En collaboration avec la rédaction, ils ont écrit et maquetté les pages qui annoncent les Rencontres d’Averroès 2019 et donnent un éclairage sur sa thématique, Fin(s) de la démocratie.

Démocratie, Peuple, Liberté, Engagement politique sur notre rive et tout autour de la Méditerranée : des problématiques brûlantes pour qui se destine au métier de journaliste, mais aussi pour les classes de Lycées et Collèges marseillais dans lesquels les étudiants nous accompagnent pour des interventions d’éducation à l’information et aux médias tout au long du mois de novembre.

Vous retrouverez les articles des étudiants distribués chaque jour durant les Rencontres d’Averroès à La Criée : écrits et imprimés à chaud chaque soir !

Ceux des lycéens et des collégiens, écrits à l’issue des Rencontres d’Averroès, seront publiés dans nos prochaines éditions, et sur journalzibeline.fr.

La rédaction


À l’occasion de la 4e table ronde, qui s’interroge sur l’avenir des démocraties, entretien avec Rostane Mehdi sur la révolution algérienne.

Suite à la démission d’Abdelaziz Bouteflika, Gaïd Salah, chef de l’état-major, a mis en place un régime de transition alors qu’il avait promis de rendre toute sa souveraineté au peuple algérien. Qu’est-ce qui justifie un tel choix ?

L’Algérie est engagée dans un processus politique exceptionnel. L’enchevêtrement des évènements, la complexité liée à la recomposition chaotique du champ politique, l’évolutivité constante des rapports de forces appellent une certaine créativité constitutionnelle. La constitution actuelle a pour mérite d’offrir un possible point d’appui au changement de système : l’article 102 a rendu les services qu’on en attendait, le départ du président de la République. Il faut maintenant assurer d’une manière ou d’une autre le retour au peuple souverain.

L’article 102 a permis l’intérim d’Abdelkader Bensalah. La constitution prévoit une présidence de 90 jours, durant laquelle de nouvelles élections doivent être organisées. Cela n’a pas pu aboutir, en raison des contestations. Peut-on parler de vide constitutionnel ?

Le pays est entré dans une période en tout point exceptionnelle. On peut considérer qu’il y a révolution lorsqu’un système perd sa cohérence, qu’il se délite et devient illisible aux yeux du plus grand nombre. Tel semble être le cas ici.

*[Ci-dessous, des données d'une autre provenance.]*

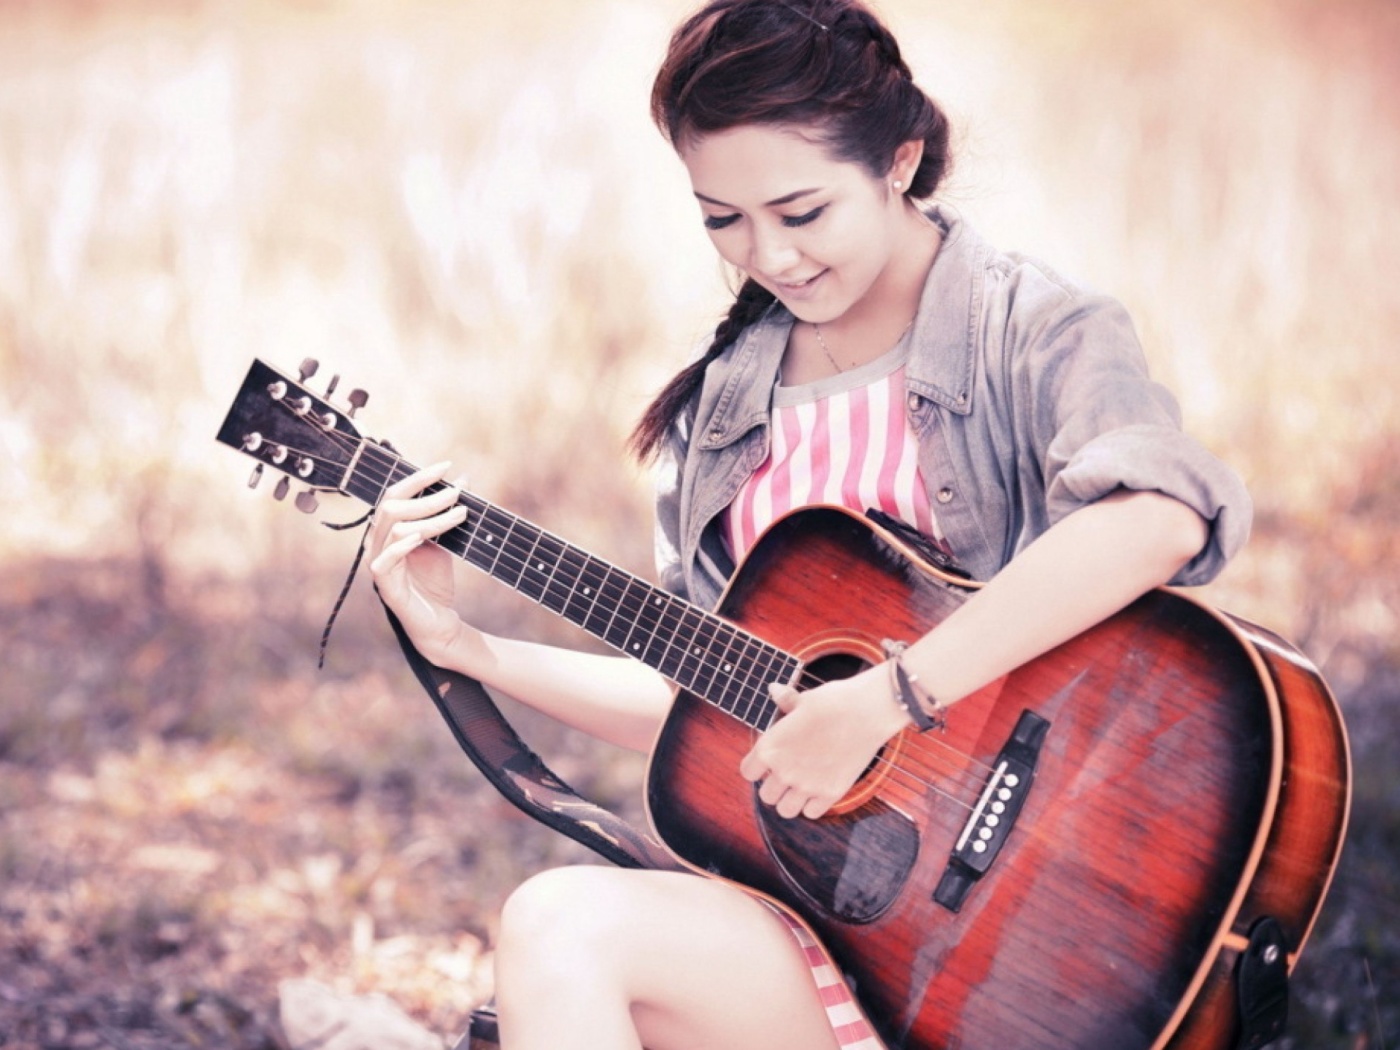 Das Chinese girl with guitar Wallpaper 1400x1050

Il est frappant de constater à quel point ce système est bloqué. En effet, il ne semble plus capable de générer les moyens de sa propre évolution et plus encore de sa transformation. Semaine après semaine, les marcheurs expriment une demande à la fois claire dans ses intentions politiques et adossée à quelques principes universels (dignité, justice, liberté), dont chaque citoyen a une intelligence au moins intuitive. Cette récurrence marque le caractère révolutionnaire du mouvement à l’œuvre. Toutefois, une révolution suppose un aboutissement. Le recours à ce concept n’est donc pleinement justifié que si la protestation conduit effectivement à l’émergence d’un système en rupture avec tous les symboles de celui qu’il remplace. On en est encore loin.

Aujourd’hui, d’où le pouvoir tire-t-il sa légitimité ?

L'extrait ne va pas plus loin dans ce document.